It is one of the trickiest clinical scenarios for cardiologists. A physician may encounter anatomically equivocal coronary stenoses during imaging, but assessing the need for interventional management of these lesions without a stress test remains challenging.
In these situations, taking a step back and utilizing stress testing to aid clinical decision-making—rather than rushing to the cath lab—is often a better approach to clinical management.
Coronary Artery Stenosis: Choosing a Functional or Anatomical Approach
In one case, a middle-aged mother of three came to me with mid-sternal chest tightness. Her days were filled from morning until night with working a full-time job, taking care of three children, and working through a crumbling marriage. It was no wonder she had a high level of stress and anxiety. Her symptoms came on whether she was angry, anxious, or agitated, and seemed to subside with deep breathing.
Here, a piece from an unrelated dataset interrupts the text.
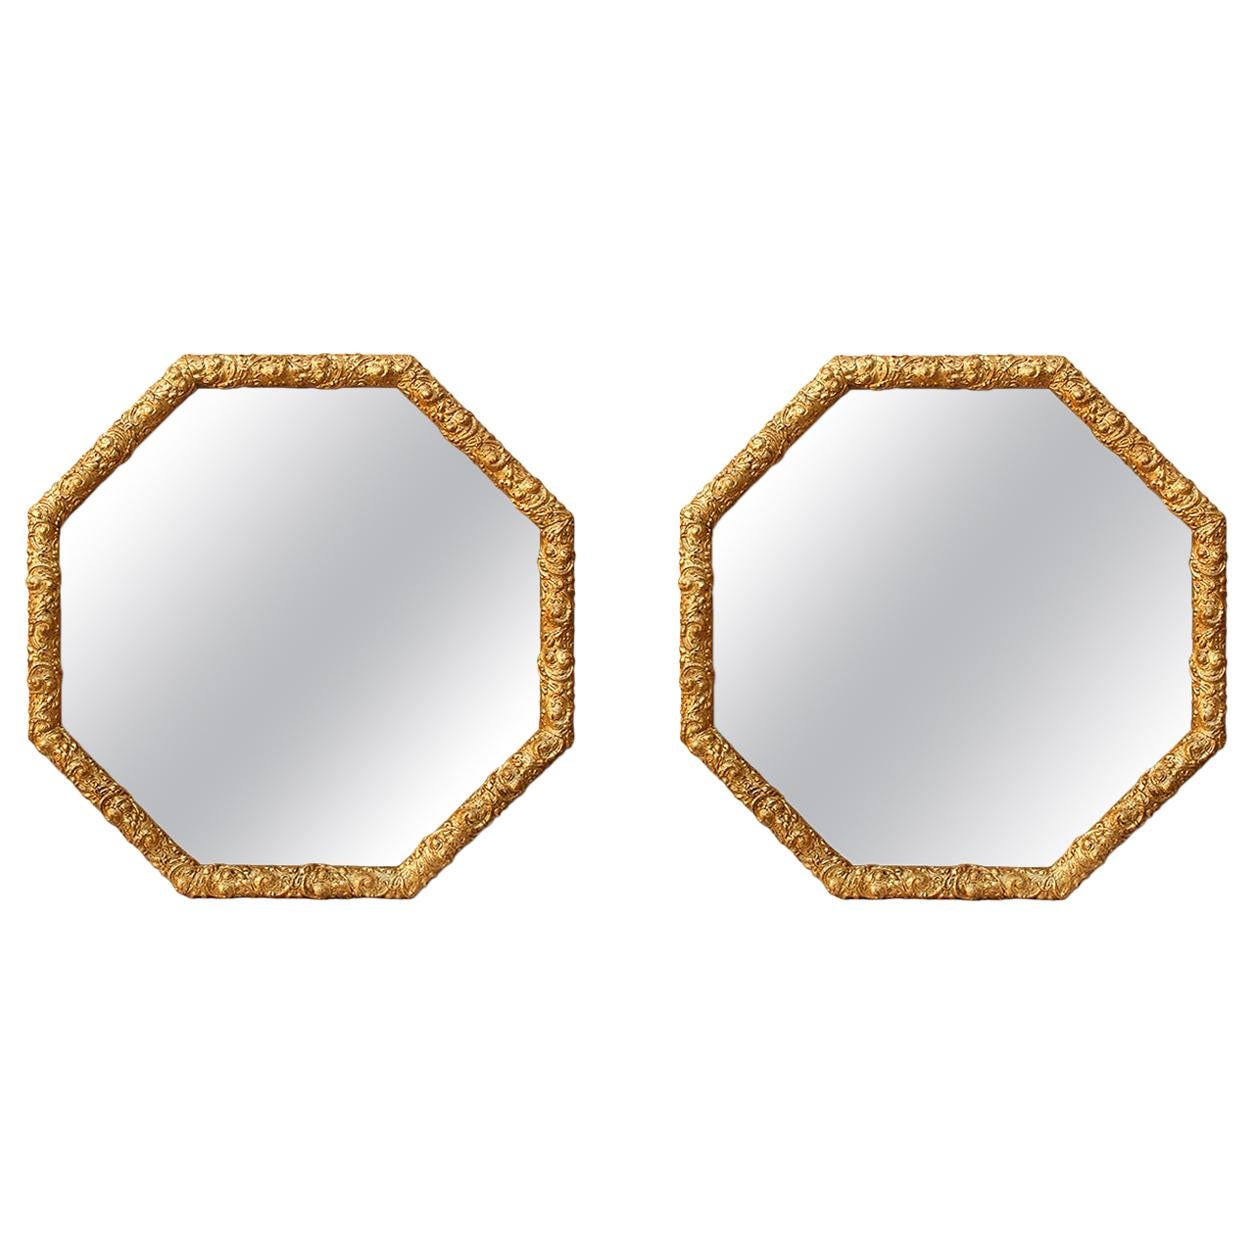 Pair of Octagonal Giltwood Mirrors, circa 1900 For Sale

I thought back to the 2015 PROMISE trial from the New England Journal of Medicine, which randomly assigned patients to a functional (stress testing) vs. anatomical (Coronary CT angiogram) approach and found no difference in outcomes.1 I concluded that, in this case, anatomical imaging would offer more information—not just about coronary stenosis but also about extracardiac structures such as the esophagus that might explain the patient's symptoms.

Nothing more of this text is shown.